**Information provided:**
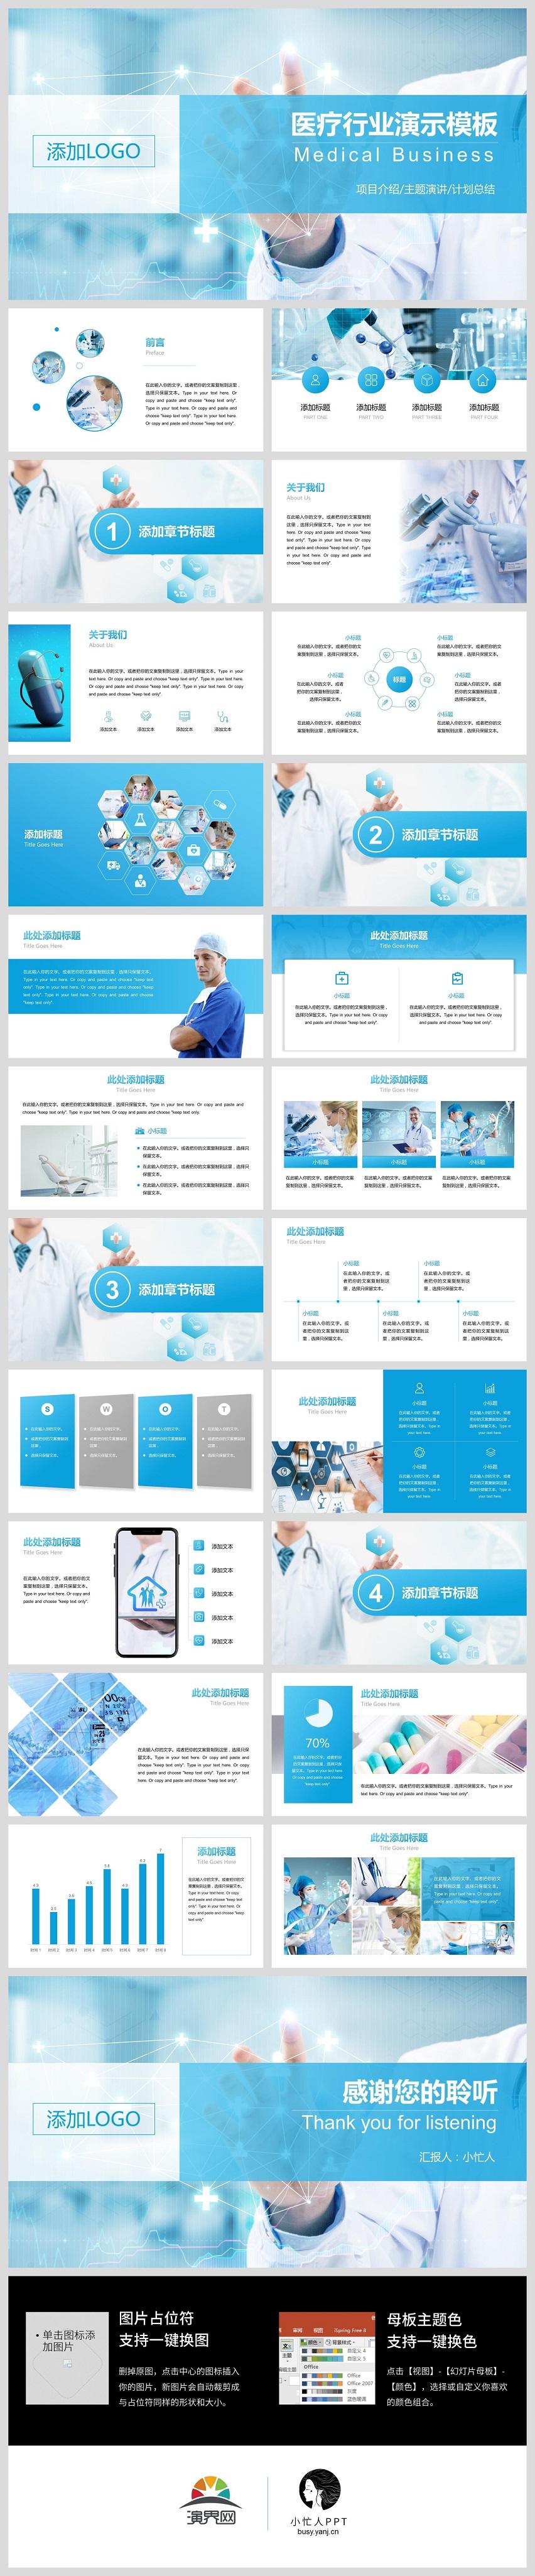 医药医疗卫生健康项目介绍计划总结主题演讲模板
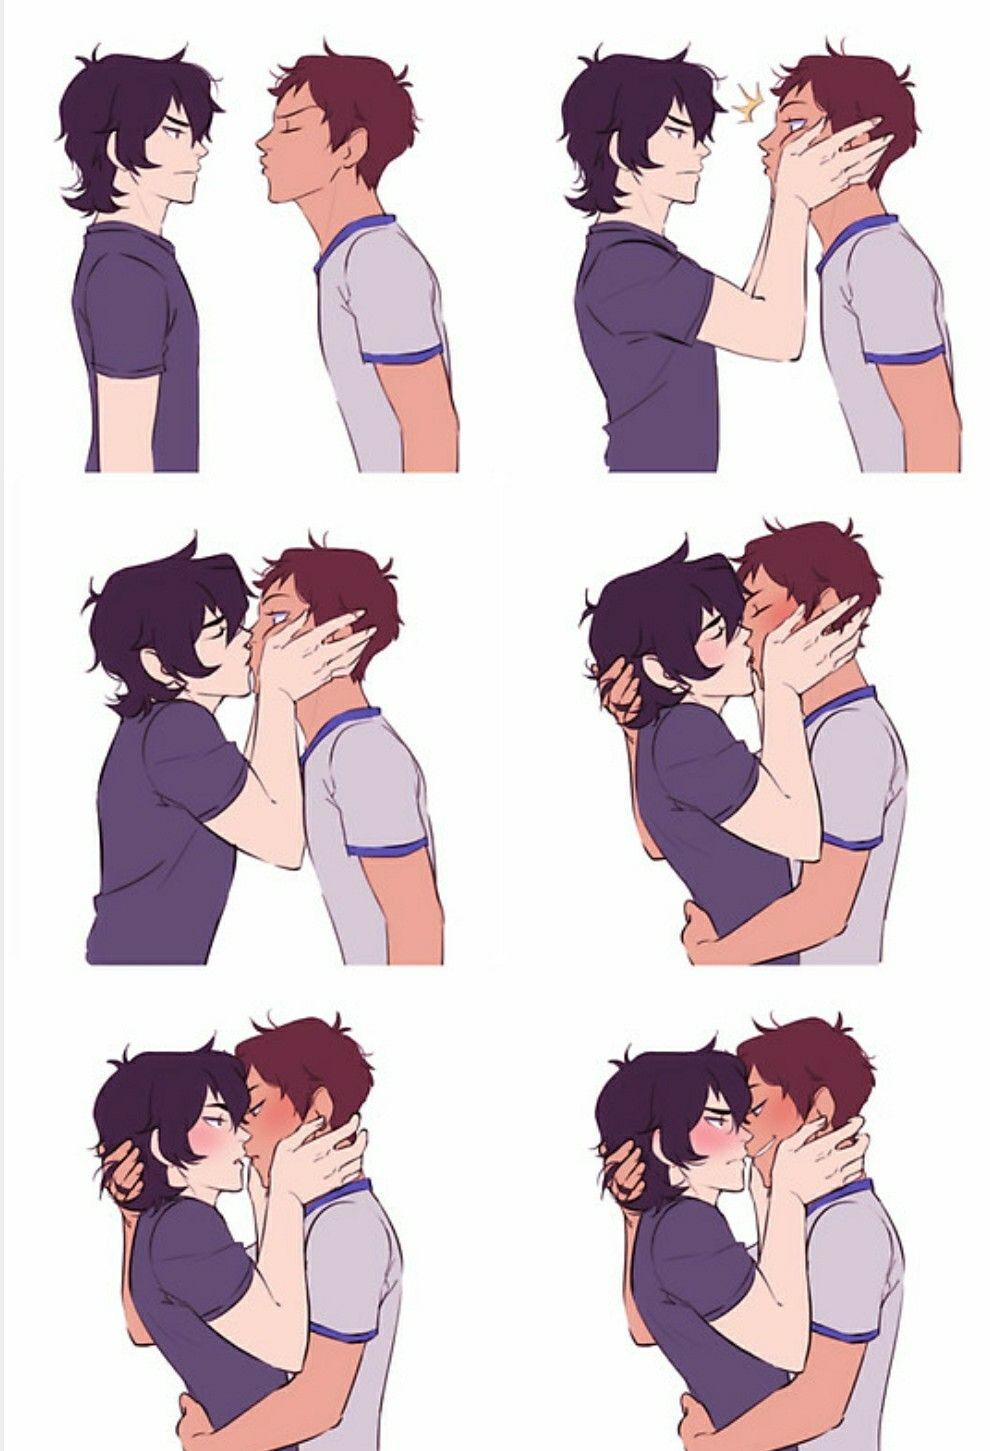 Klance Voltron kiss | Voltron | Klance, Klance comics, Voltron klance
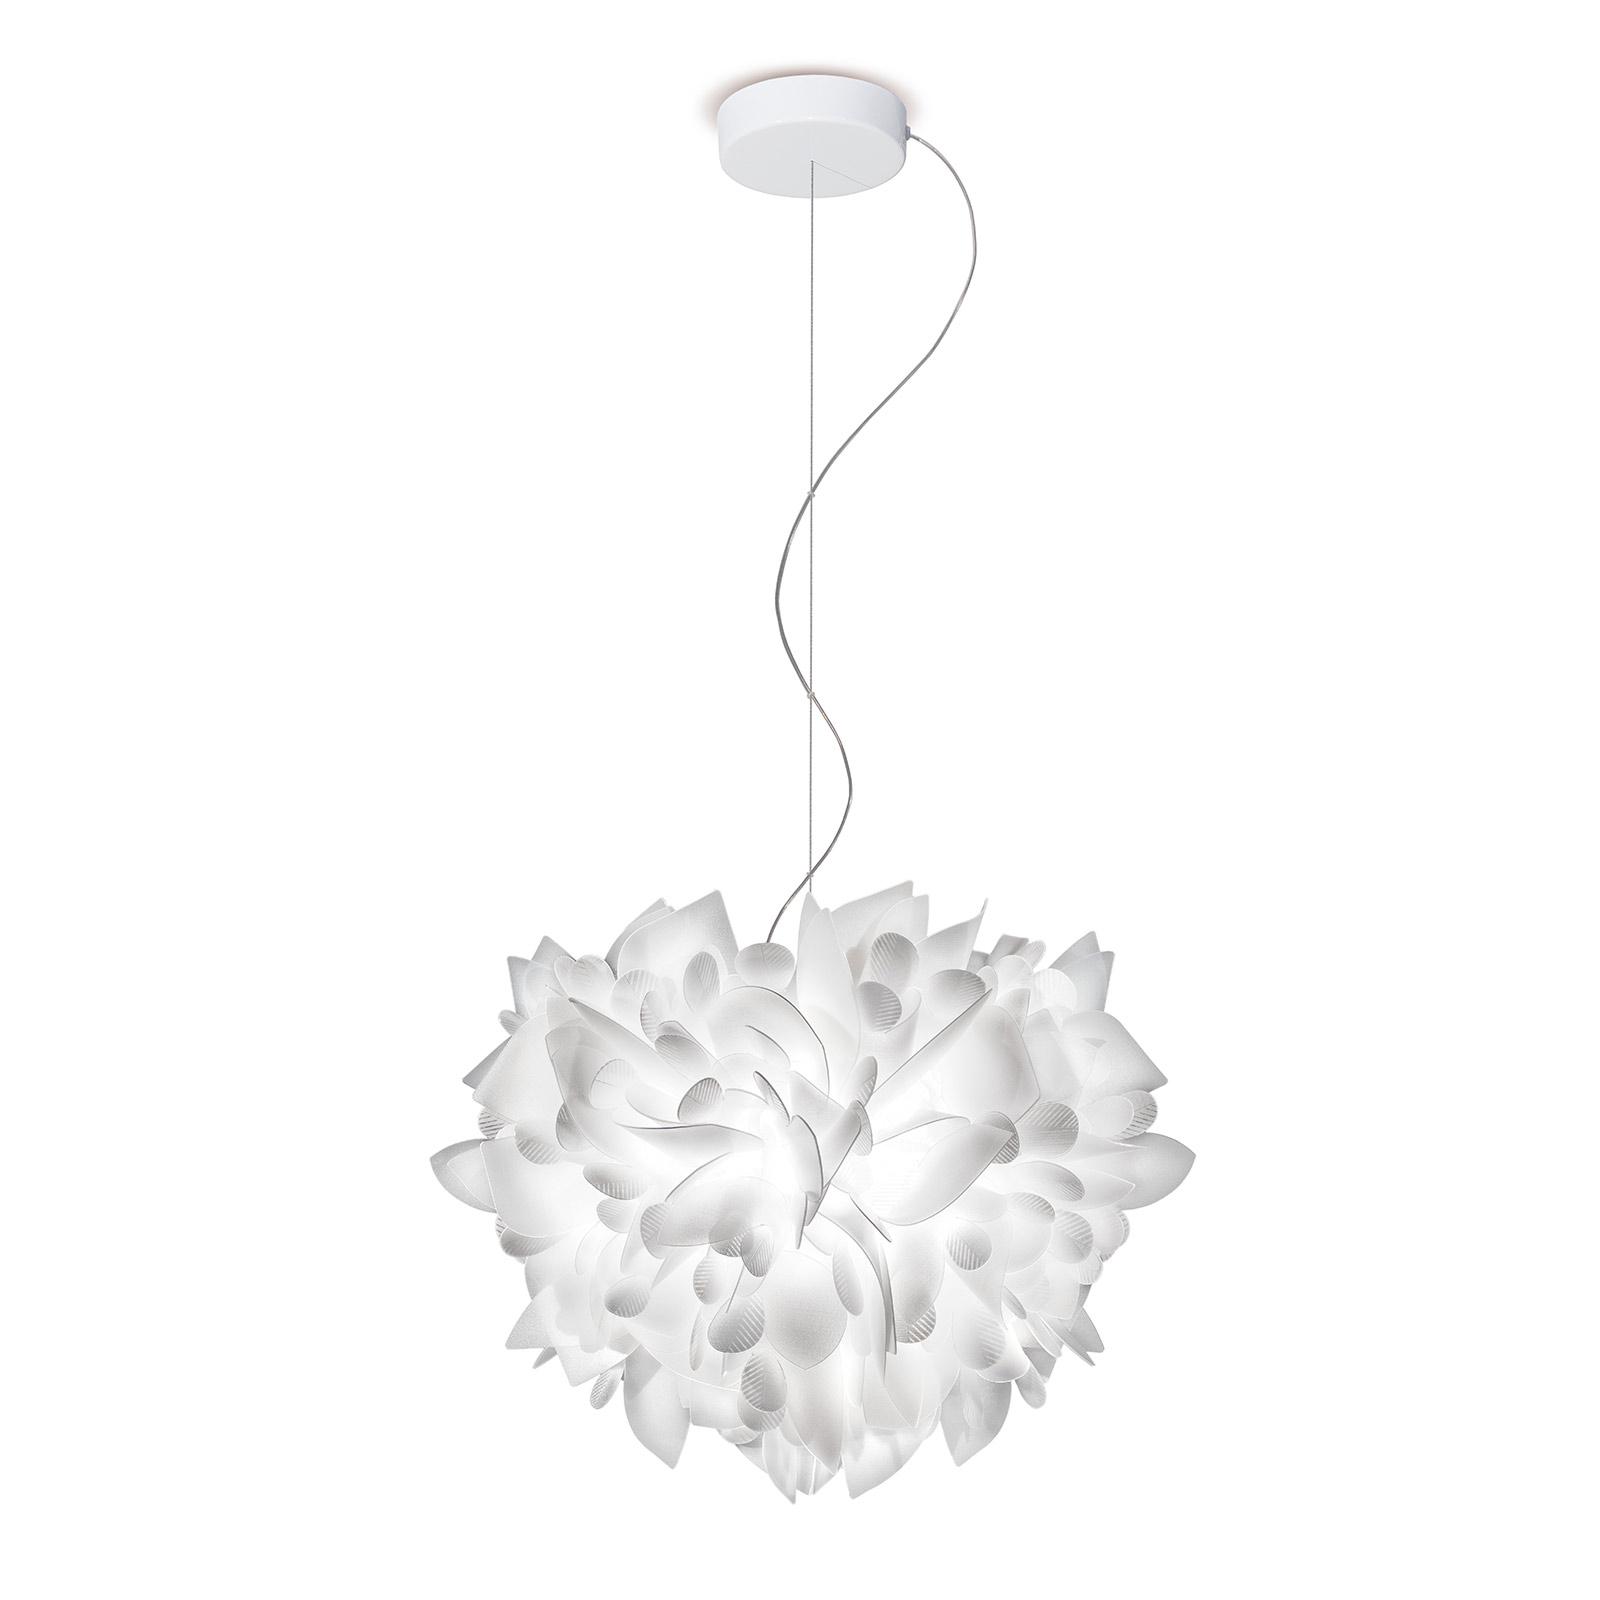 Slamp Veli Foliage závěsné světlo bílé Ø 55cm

**Task requirements:** An exact copy of the listing is required; return it without any pictures.

**Output of the task:**
 医药医疗卫生健康项目介绍计划总结主题演讲模板
 Klance Voltron kiss | Voltron | Klance, Klance comics, Voltron klance
 Slamp Veli Foliage závěsné světlo bílé Ø 55cm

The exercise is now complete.